EXERCISE = In your copy, leave out the pictures and repeat the entries below exactly.

DATA FOR THE TASK =
--------------------
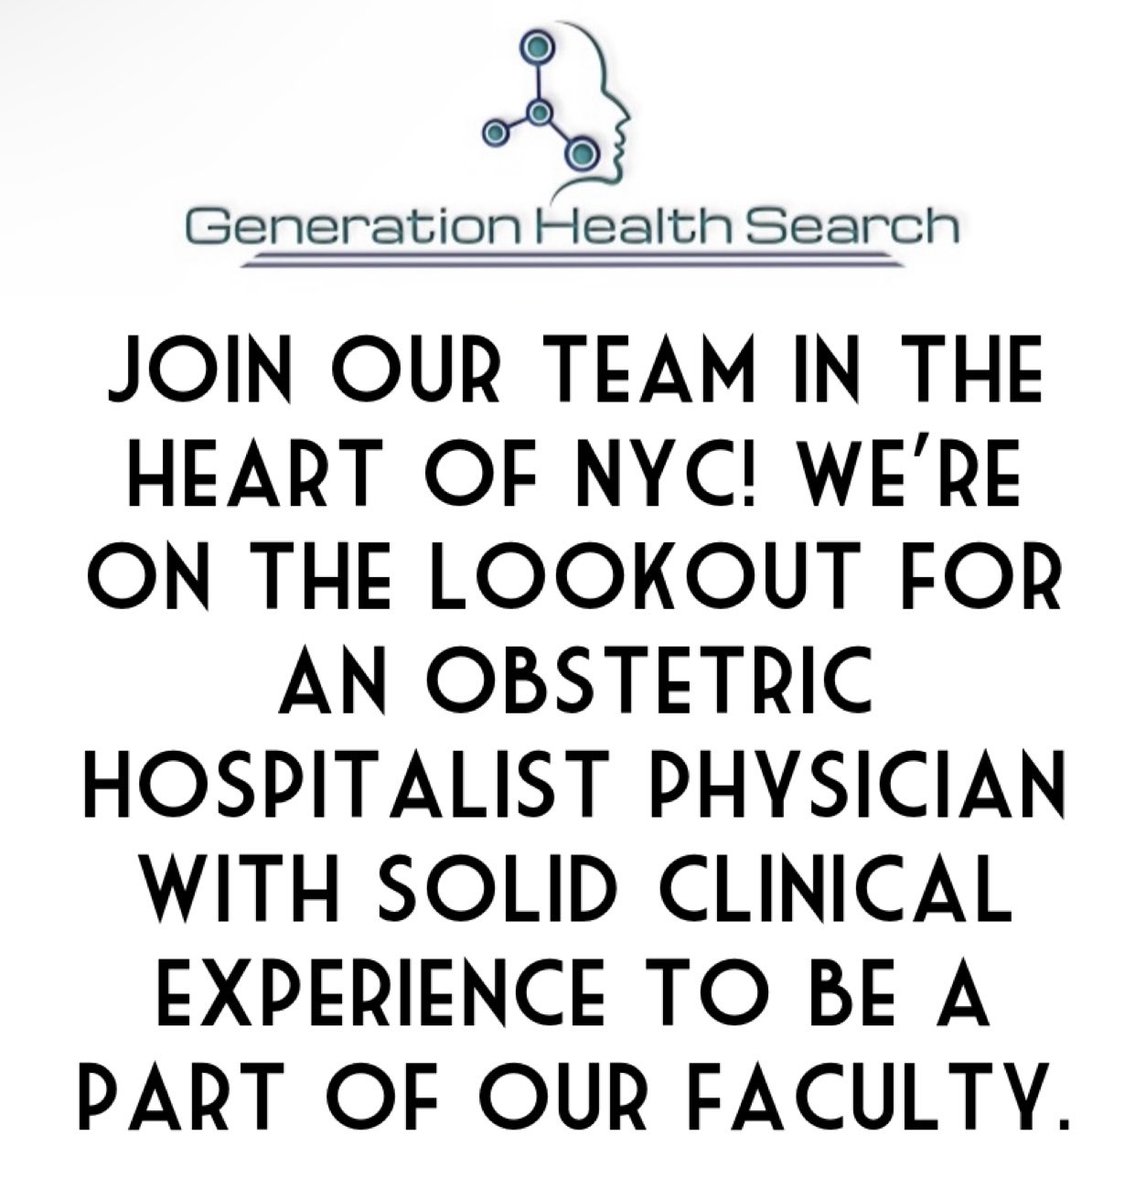 The Dept. of Obstetrics & Gynecology seeks a full-time Obstetric Hospitalist Physician. 🩺 Join us in delivering exceptional care! #OBGYN #Hospitalist #PhysicianJob 
Position: Obstetric Hospitalist Physician
📍 Location: Bronx County, NYC
Salary:$305,000-425,000
#GenerationHealth
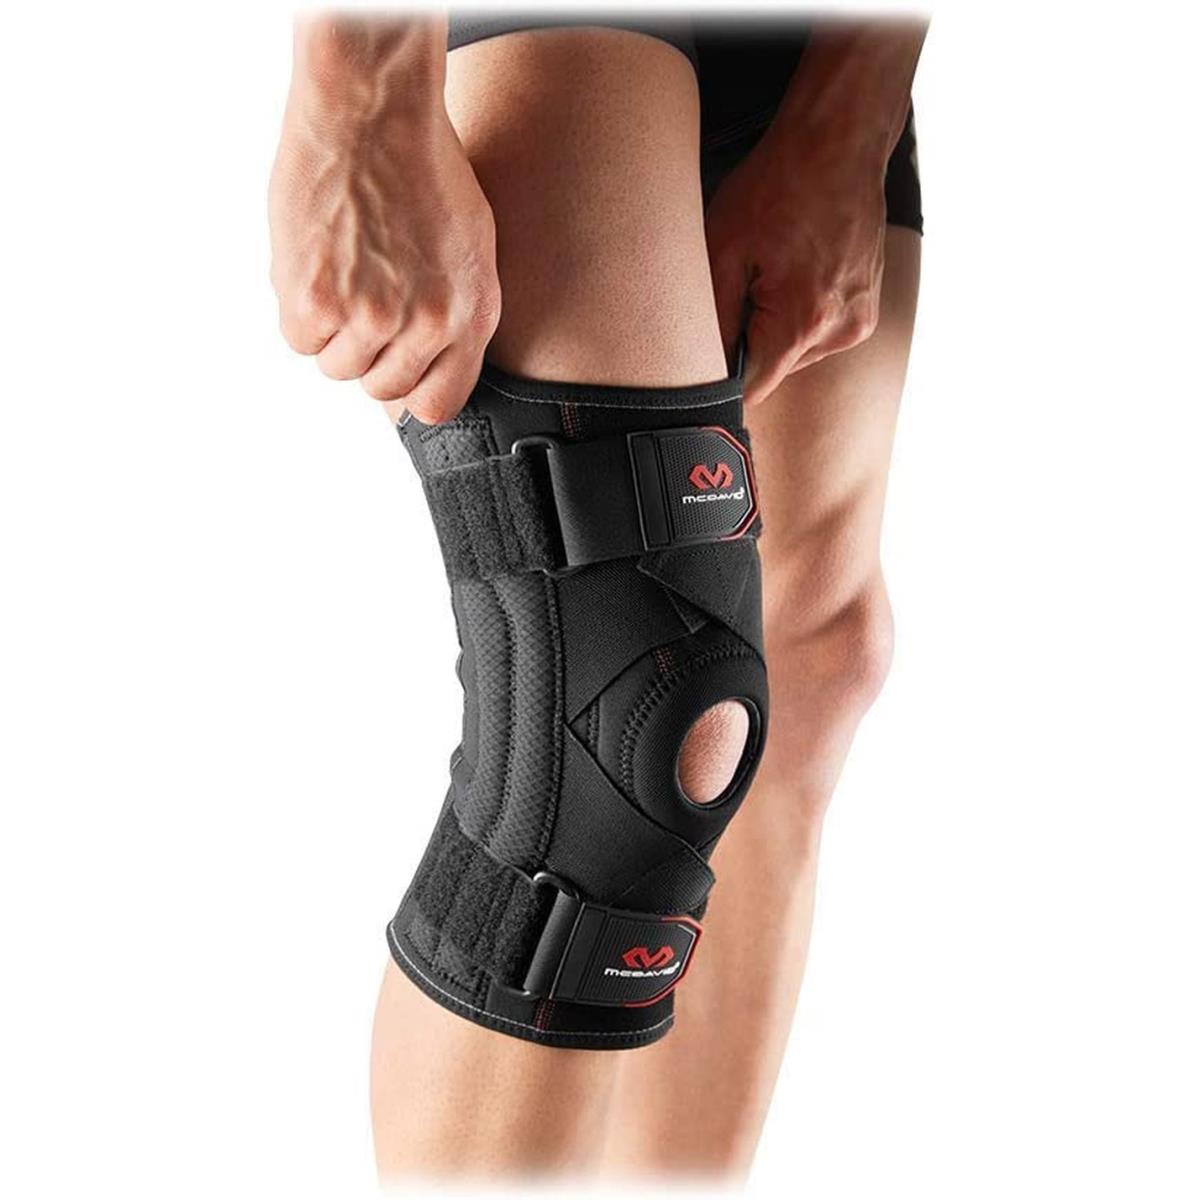 Mcdavid Knee Brace Support with Side Stays Compression. Knee Sleeve Cross Stra
--------------------
EXPECTED ANSWER =
 The Dept. of Obstetrics & Gynecology seeks a full-time Obstetric Hospitalist Physician. 🩺 Join us in delivering exceptional care! #OBGYN #Hospitalist #PhysicianJob 
Position: Obstetric Hospitalist Physician
📍 Location: Bronx County, NYC
Salary:$305,000-425,000
#GenerationHealth
 Mcdavid Knee Brace Support with Side Stays Compression. Knee Sleeve Cross Stra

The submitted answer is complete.